Этот молодой, миловидный и добродушный блондин, разительно не похожий на других французских наставников князя: чернявых, горбоносых, крикливых субъектов, нашел ключ к характеру маленького дьяволенка, каким Юрка вполне серьезно представлялся многим простым душам; приживалки княгини Долгоруковой настойчиво советовали прибегнуть к изгнанию беса по одному из древних надежных, хотя и опасных для здоровья, даже жизни одержимого, способов.

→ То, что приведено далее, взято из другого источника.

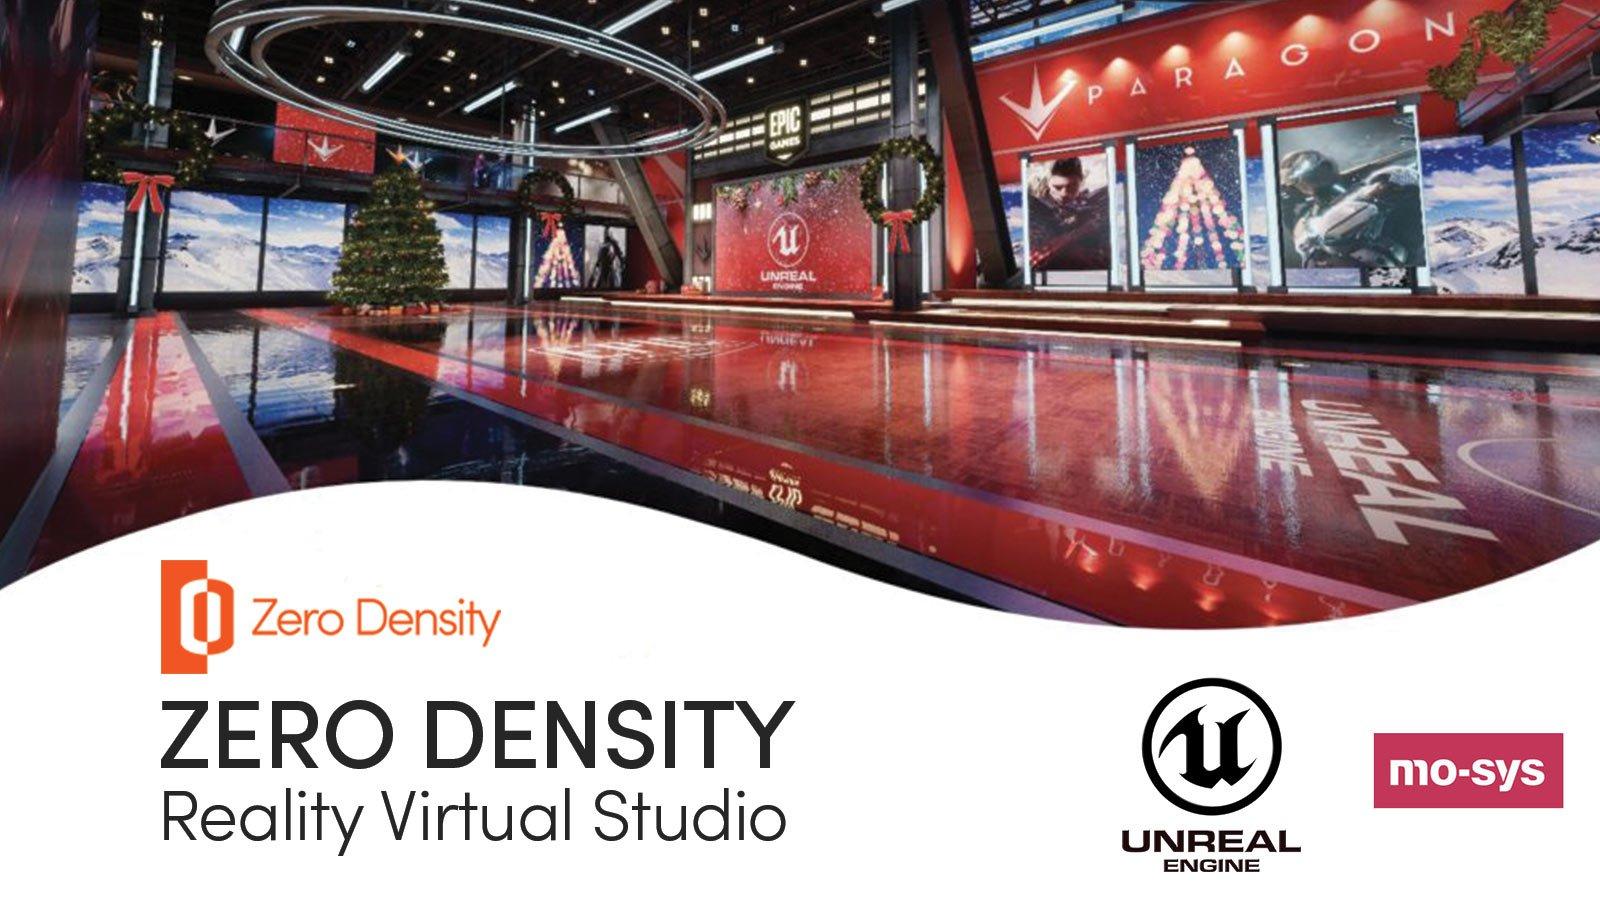 unreal engine reality virtual studio

Мануэль никогда не перечил Юрке, но доводил каждую дурацкую, зачастую рискованную выходку своего воспитанника до абсурда. Юрка мчался на пруд, чтобы кинуться в заросшую ряской тухлую воду и, симулируя самоубийство, выгадать еще больше свободы, без того ничем не сдерживаемой. Мануэль опережал его и в своем голубом сверкающем золотыми начищенными пуговицами фраке кидался с мостков в пруд. Выныривал он облепленный водорослями, с запутавшейся в волосах ситой, до того жалкий и несчастный, что у Юрки пропадало всякое желание «топиться». Если же он начинал буйствовать, реветь, кочевряжиться, кататься по полу и дрыгать ногами, месье Мануэль не пытался ему помешать, напротив, с заинтересованной улыбкой говорил: «Как славно! Одно удовольствие смотреть. Но не можете ли вы кричать чуточку погромче? В прошлый раз у вас лучше получалось. Сегодня вы ленитесь». Мануэль не притворялся, не покусывал губ, чувствовалось, что шумное представление его не раздражает, а раз так, то оно утрачивало всякий смысл. Терпение у месье Мануэля было безгранично, добродушие беспредельно, и, отчаявшись вывести из себя легкого, уравновешенного человека, Юрка потерял вкус к приступам бешенства. К тому же месье Мануэль приятно пел, был ловок в физических упражнениях, не докучал чрезмерно науками, и Юрка всей душой привязался к своему молодому и всегда какому-то праздничному гувернеру.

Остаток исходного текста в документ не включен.